To identify any duplicate granule_id values, run the following query:

SELECT granule_id, COUNT(*) AS count
FROM granules
GROUP BY granule_id
HAVING COUNT(*) > 1
ORDER BY count DESC;
note

The migration script will abort if there are duplicate granule_id values in the granules table.

Apply the Changes in Production Environment

For large databases (e.g., when the granules table contains more than 100,000 rows), updates must be applied manually, as the commands can take a significant amount of time. Since ALTER TABLE commands require an exclusive lock on the table, and populating the new column is time-consuming, it is recommended to quiesce all database activity during this process. This means pausing Ingest, Archive, and other Cumulus functions before and during the execution of these commands.

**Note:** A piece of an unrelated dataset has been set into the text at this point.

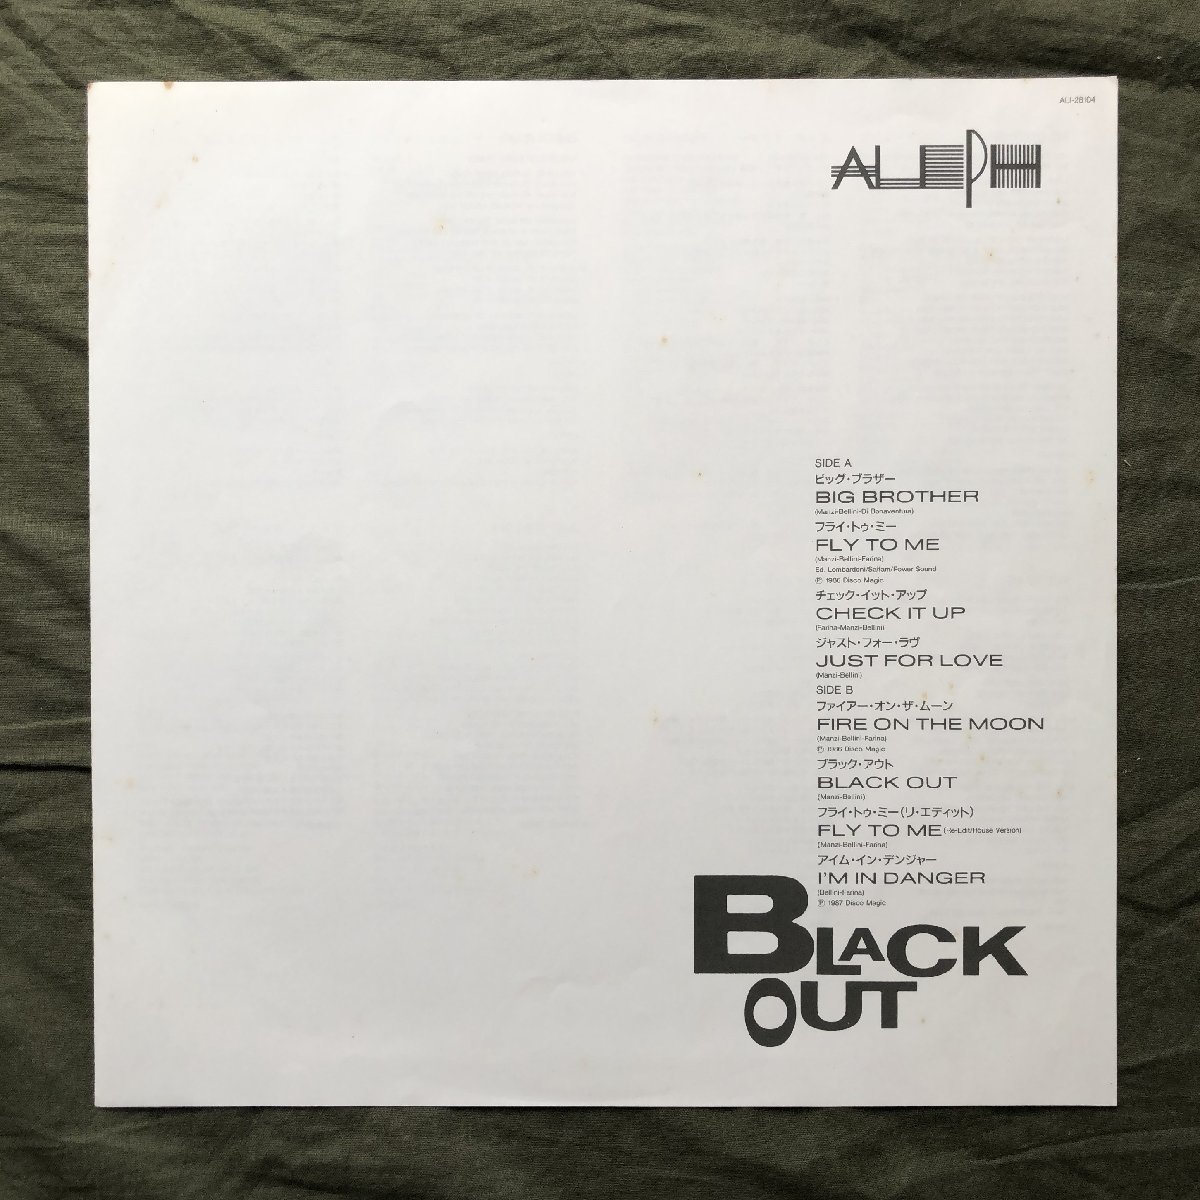 美盤 良ジャケ 激レア 1988年 国内盤 アレフ Aleph LPレコード アレフ１ ビッグ・ブラザー Black Out 帯付 Italian Dance Music Unit_画像6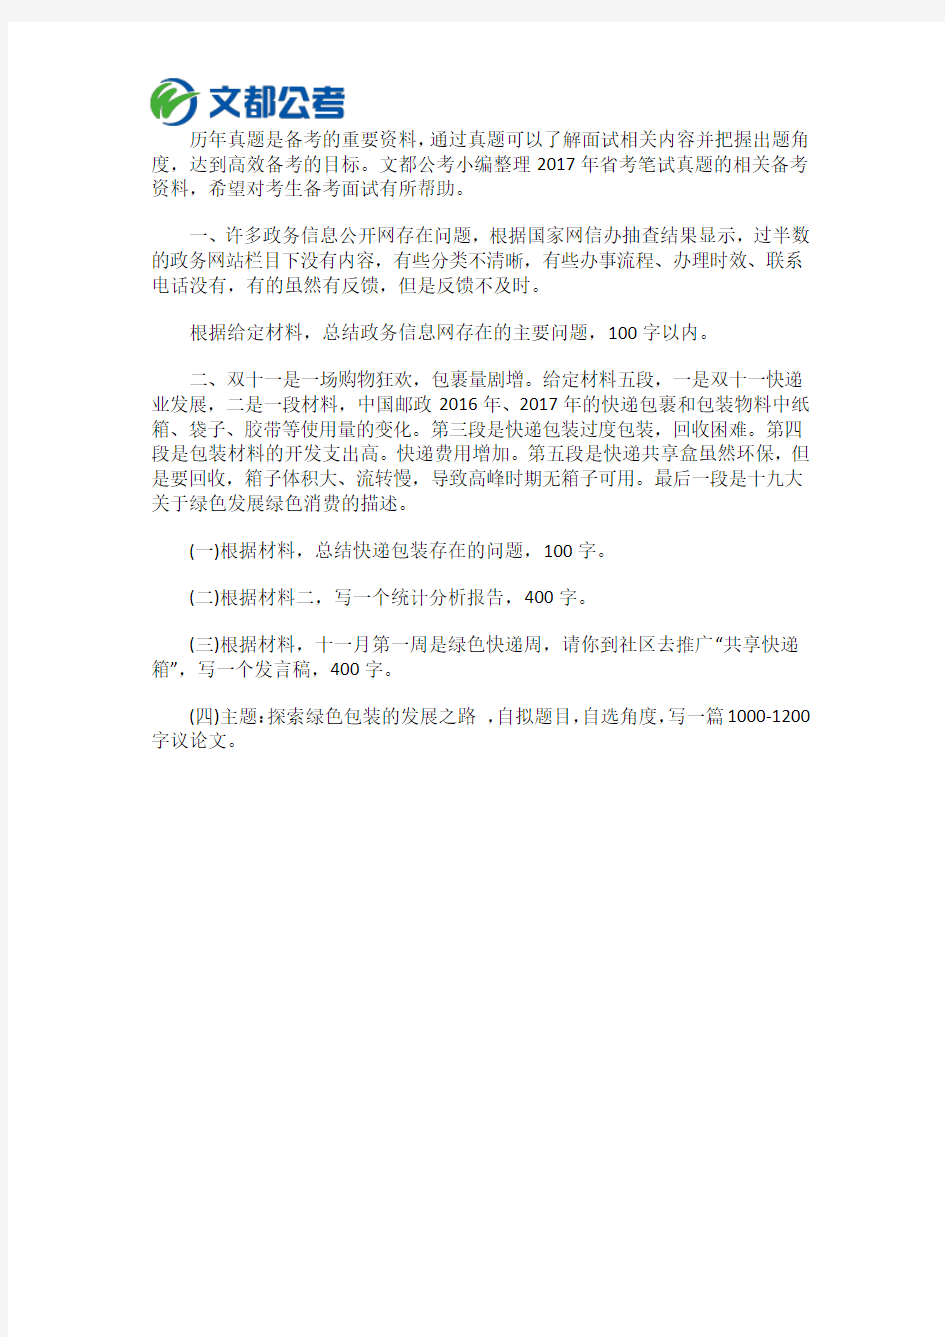 2017年重庆市统计局遴选公务员招聘笔试真题(11月19日)

The table below, from the LP DAAC SNAPSHOT database running on Aurora Serverless v2 with PostgreSQL 17.4, shows the table sizes before and after the migration commands, along with their execution times. The commands were run using 32 ACUs, and table sizes were measured using the following query:

SELECT pg_size_pretty(pg_total_relation_size('granules'));
Table NameOriginal Table SizeNew Table SizeNumber of RowsMigration Time
granules230 GB241 GB163 M10 hours 40 minutes (1 worker)
3 hours 40 minutes (5 workers)
2 hours 30 minutes (10 workers)

Tools Used

Since the update commands can take a few hours to run based on table size and IO throughput, it is recommended that the commands are run in an EC2 instance in the AWS environment in a tmux or screen session. This will minimize the number of network hops and potential disconnects between the database client and the database. Additionally, this will allow operators applying the patch to check on progress periodically and not worry about credential expiration or other issues that would result in the client being killed.

Upgrade Steps

  1. Quiesce ingest

    Stop all ingest operations in Cumulus Core according to your operational procedures. You should validate that it appears there are no active queries that appear to be inserting granules/files into the database as a secondary method of evaluating the database system state:

    select pid, query, state, wait_event_type, wait_event from pg_stat_activity where state = 'active';

    If query rows are returned with a query value that involves the tables, make sure ingest is halted and no other granule-update activity is running on the system.

    note

    In rare instances if there are hung queries that are unable to resolve, it may be necessary to manually use psql Server Signaling Functions pg_cancel_backend and/or pg_terminate_backend to end the queries.

  2. Login into EC2 instance with database access.

    From AWS console: Go to EC2, pick a <prefix>-CumulusECSCluster instance, click Connect, click Session Manager and click the Connect button.

    From AWS CLI: aws ssm start-session --target EC2 Instance ID.

    Remember to take a note on which instance you run the commands.
  3. Install tmux, postgres client and python packages

    sudo yum install -y tmux
    sudo dnf install -y postgresql17
    sudo dnf install -y python3 python3-pip
    pip3 install --user psycopg2-binary

    Once installed, a tmux session is started with two windows. Alternatively, you can open two concurrent SSM sessions to the same EC2 instance and start a separate tmux session from each.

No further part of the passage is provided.